The ISS - and other spacecraft - have several thermal regulation challenges. First, the ISS gets loads of direct sunlight for part of its orbit. Second, the other part of its orbit is spent in darkness but, in the universe's biggest Thermos bottle, passive cooling through even un-insulated space station walls would not be rapid. Third, regardless of the exterior heat input, the ISS has tens of kilowatts of equipment and human metabolisms dumping heat into the interior.
The standard practice for spacecraft (and space suit) designers is to take charge of exterior heat loads by loading up on insulation, slowing down the intrusion of exterior heat. Then, usually, you only need to worry about cooling rather than both heating and cooling. (This doesn't work perfectly; space suits have recently added hand and feet warmers for extended operation in shadow. But insulation is still a useful first step toward gaining control of spacecraft temperatures.) The reflective aluminum and white insulation on the hull of the ISS also helps resist exterior heat input. The layering of a reflective hull and insulation is a parasol of sorts.

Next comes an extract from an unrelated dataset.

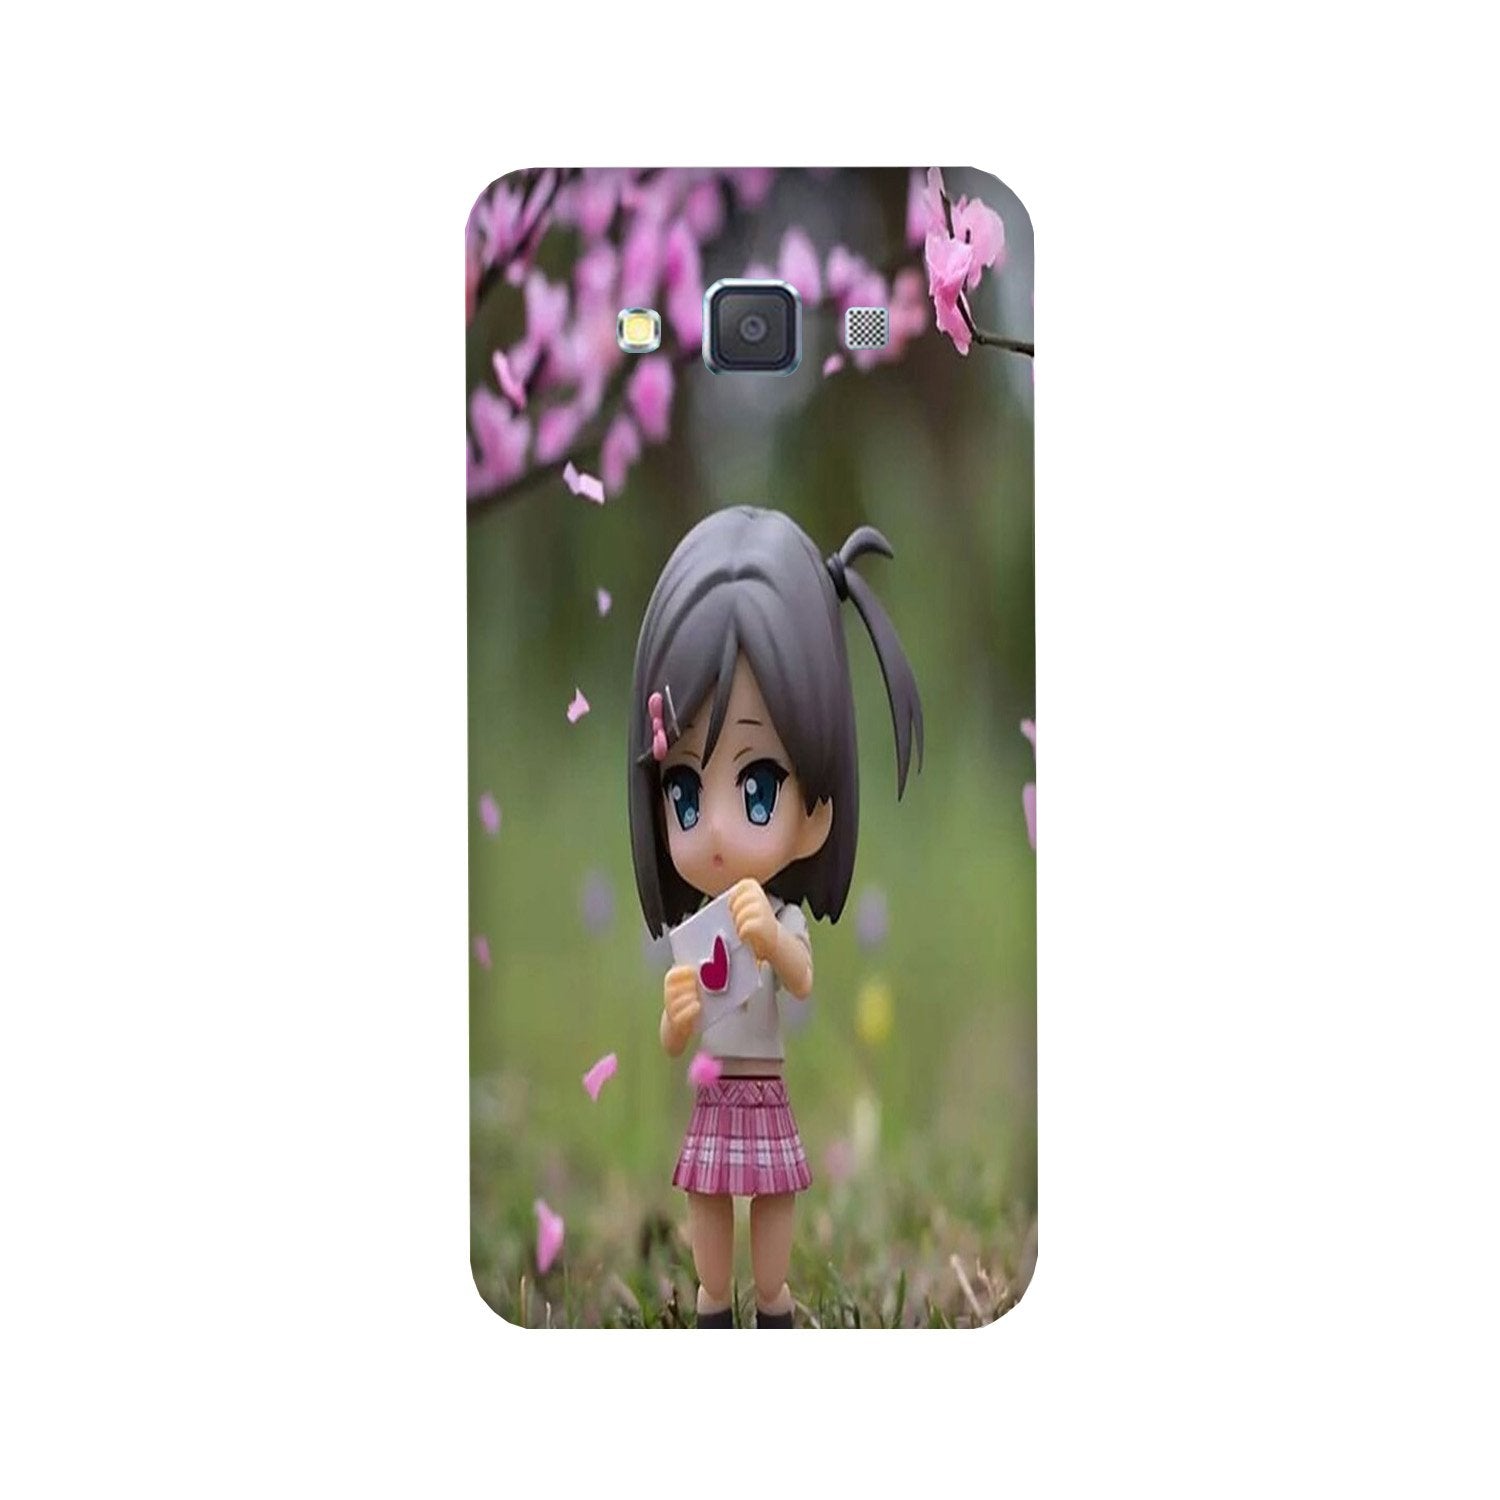 Cute Girl Case for Galaxy E5

You can add a further parasol to shade the hull, like the emergency measure used on Skylab, but ISS makes that difficult by stringing out its modules into a complicated jumble that also changes its angle with respect to the sun throughout orbit. (ISS can be stabilized with respect to the sun if need be.) You'd thus need a lot of parasols, unless you wanted one big one that would probably at least partly shade the solar panels. It's easier to add more insulation, though. Multi-layer vacuum insulation is fantastically effective stuff.
Once you're done with the parasols, though, you have the issue of internal heating. The ISS uses an average of (if I recall correctly) about 35kW at any time, with its solar arrays making up to 125kW available. NASA addressed that heat load by telling the astronauts to shut down a lot of electrical equipment (e.g., experiments), leaving the minimum on.
It couldn't really do much about the ~1kW per occupant, though, not without getting lawyers and astronauts rights activists involved.
Anyway, when you're buried under all that insulation and have seized control of heat loads, you still need a way to get the heat out. That's where the radiators and circulating ammonia come in, at least until a valve sticks. Most manned spacecraft have used a similar approach of insulation and radiators: the shuttle's bay doors were lined with radiators while the shuttle was wrapped in insulation. Capsules tended to use heat pipes and insulation, and heat control measures like the Apollo "barbecue roll."
Well, yes, except that I was envisioning a parasol only a few feet from the hull proper as an auxiliary measure, not the *only* one. No doubt there's a clever reason why having one attached to each module isn't a good idea since "if you can't block all the sun you shouldn't block any of it" seems a bit ... stupid to be honest.
I'm well aware that the electronics dump heat into the interior and that the humans dump heat (and water and CO2) into the air too. None of that is made any easier to deal with by the lack of any passive cooling measures like putting something between the skin of the various modules and the incident sunlight.